When the S&P 500 had been up month-to-date during all of the first five sessions of a year in the past, …
- … the S&P 500 closed at a (partly significantly) lower level at the end of January on the most recent 6 occurrences, and
- … closed lower at least -2.0% at some time over the remainder of the month on the last 7 occurrences, but
- … on the positive side the index posted it’s highest level of the month on any of the first five sessions on only 3 out of 24 occurrences ; so there is a good chance that we’ll get at least one higher close over the remainder of the month.
But this (negative) setup might collide with positive seasonalities like the third year of the presidential cycle, among others (and a positive outlook for January).
The latter (looking for at least one higher close above last Friday’s close) fits into the positive setup which was triggered on close of Monday, January 10: The S&P 500 closed lower three sessions in a row, but the close steadily improving concerning its respective intraday level (e.g. closing in the top quartile of the daily intraday range on the third session, in the third quartile on the second session, and below the midpoint on the first session), indicating that buyers are more and more getting the upper hand during the second part of the respective sessions.
Table II below shows all occurrences (since 1929) and the S&P 500‘s performance over the course of the then following 1 , 2 and 3 sessions, assumed one went long on close of a session where the setup mentioned above had been triggered in the past.
When the setup had been triggered in the past, …

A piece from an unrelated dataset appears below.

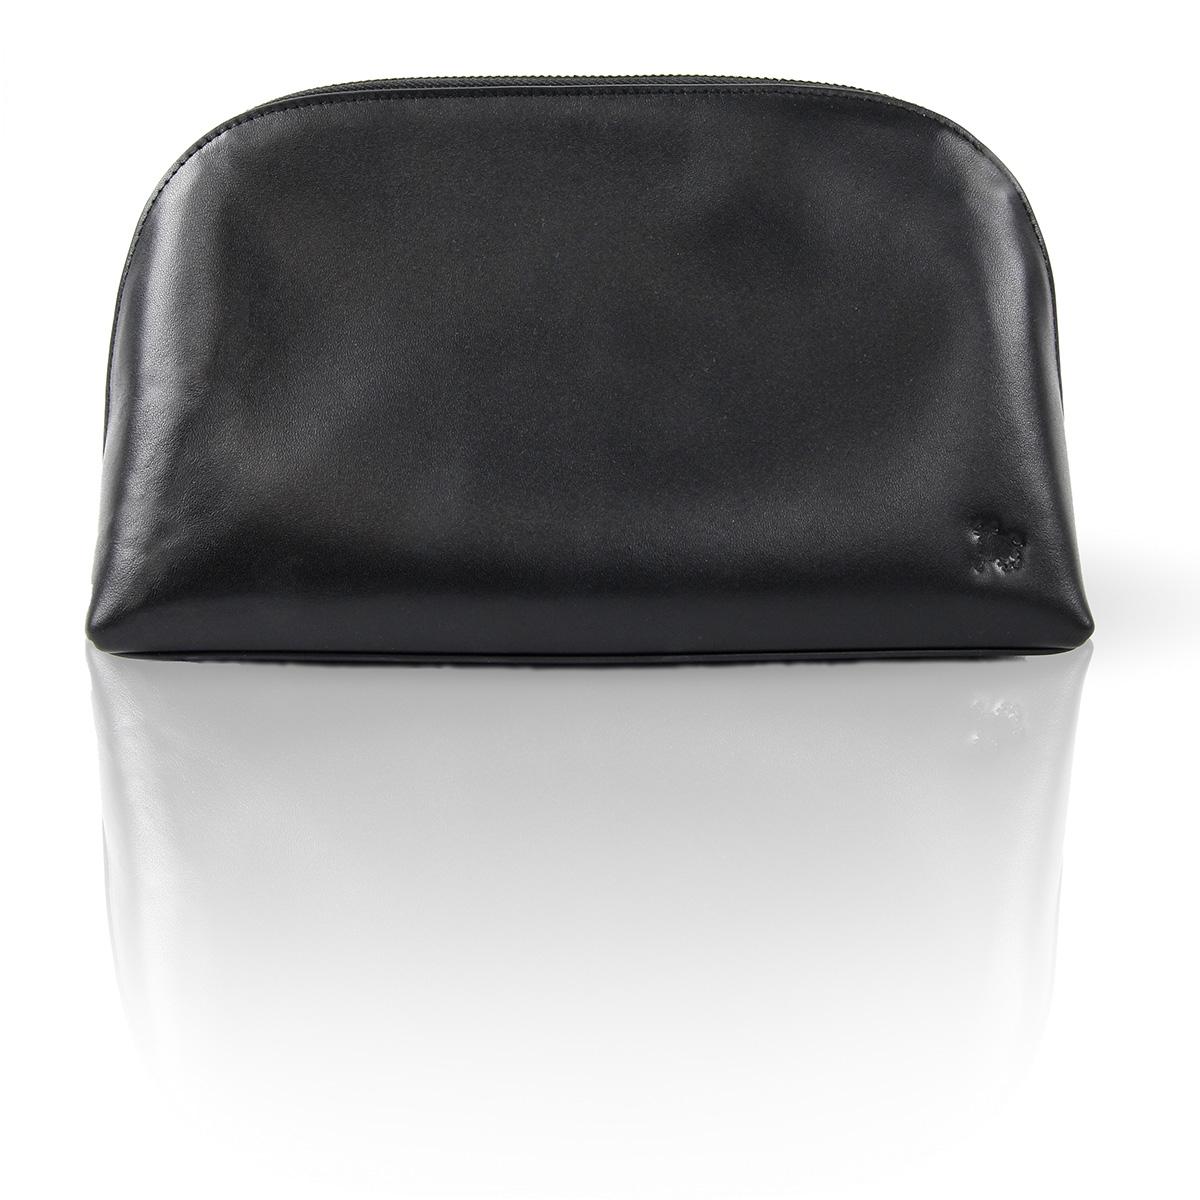 Kosmetiktasche-Damen-schwarz-rot-grau-Kosmetischbeutel-Maku-up-bag-puche-leder-leather_0001_red-inside
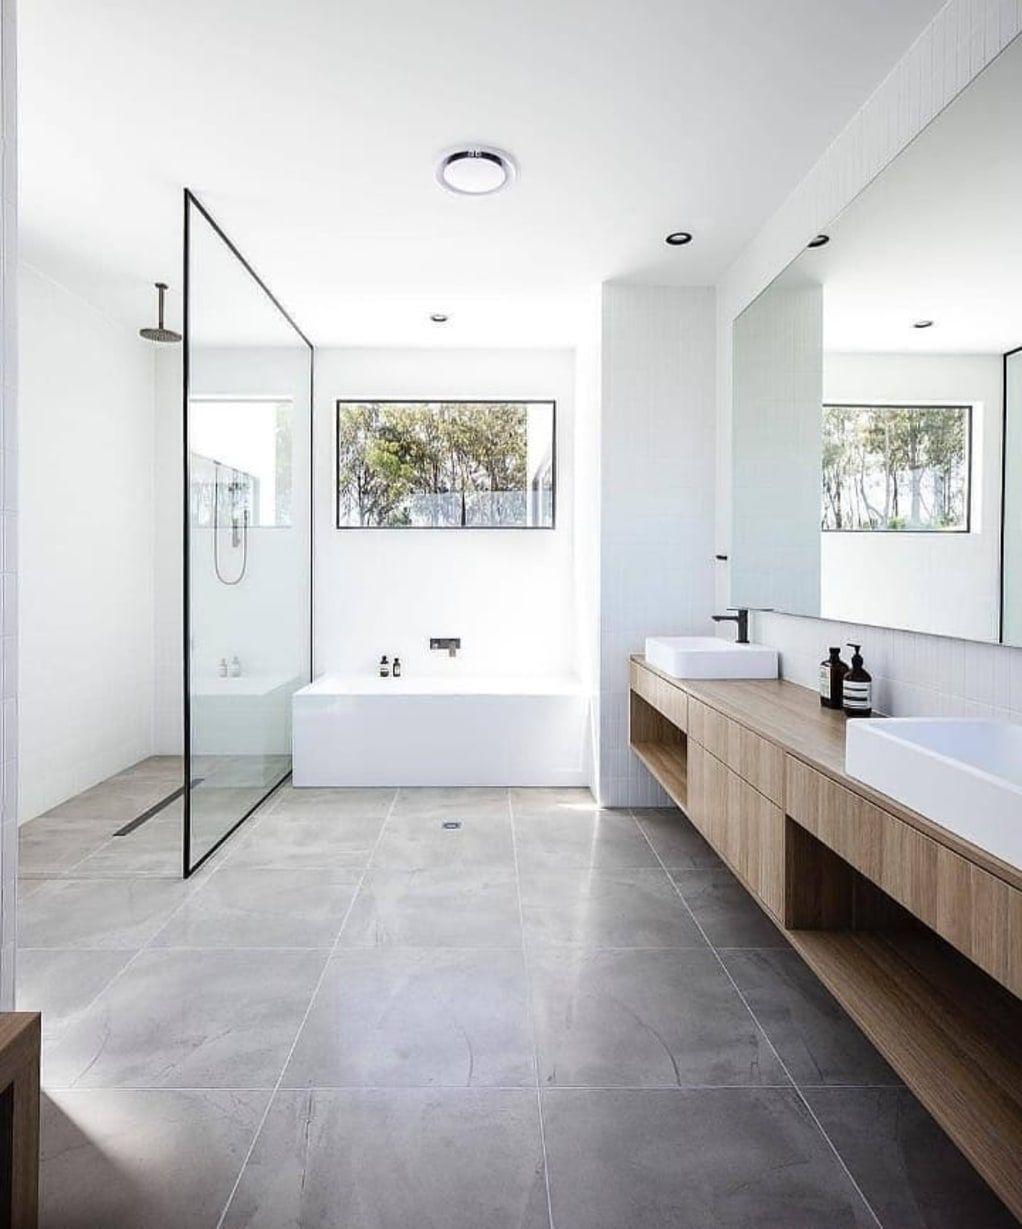 Minimal Interior Design Inspiration   180   Bathroom design, Bathroom design luxury, Modern ...

- … the S&P 500 closed higher the next day on 13 out of the last 16 occurrences,
- … the S&P 500 closed at a higher level three sessions later on 27 out of 35 occurrences (or 77.14% of the time),
- … the S&P 500 never looked back and did not post a single close below the trigger day’s close over the course of the then following three sessions on 17 out of 35 occurrences (or almost 50% of the time), and
- … posted a median gain of +0.71% two sessions later, being up +1.0% or more on 12 while being lower -1.0% or more on only 3 occurrences.
Although historical probabilities and odds are tilt in favor of some profit-taking and a pullback over the remainder of the month (but being in conflict with positive seasonalities), there is a good chance that a pullback – if any – might start from a higher level at or around the end of this week.
Disclosure: No position in the securities mentioned in this post at time of writing.
Remarks: Due to their conceptual scope – and if not explicitly stated otherwise – , all models/setups/strategies do not account for slippage, fees and transaction costs, do not account for return on cash and/or interest on margin, do not use position sizing (e.g. Kelly, optimal f) – they’re always ‘all in‘ – , do not use leverage (e.g. leveraged ETFs), do not utilize any kind of abnormal market filter (e.g. during market phases with extremely elevated volatility), do not use intraday buy/sell stops (end-of-day prices only), and models/setups/strategies are not ‘adaptive‘ (do not adjust to the ongoing changes in market conditions like bull and bear markets).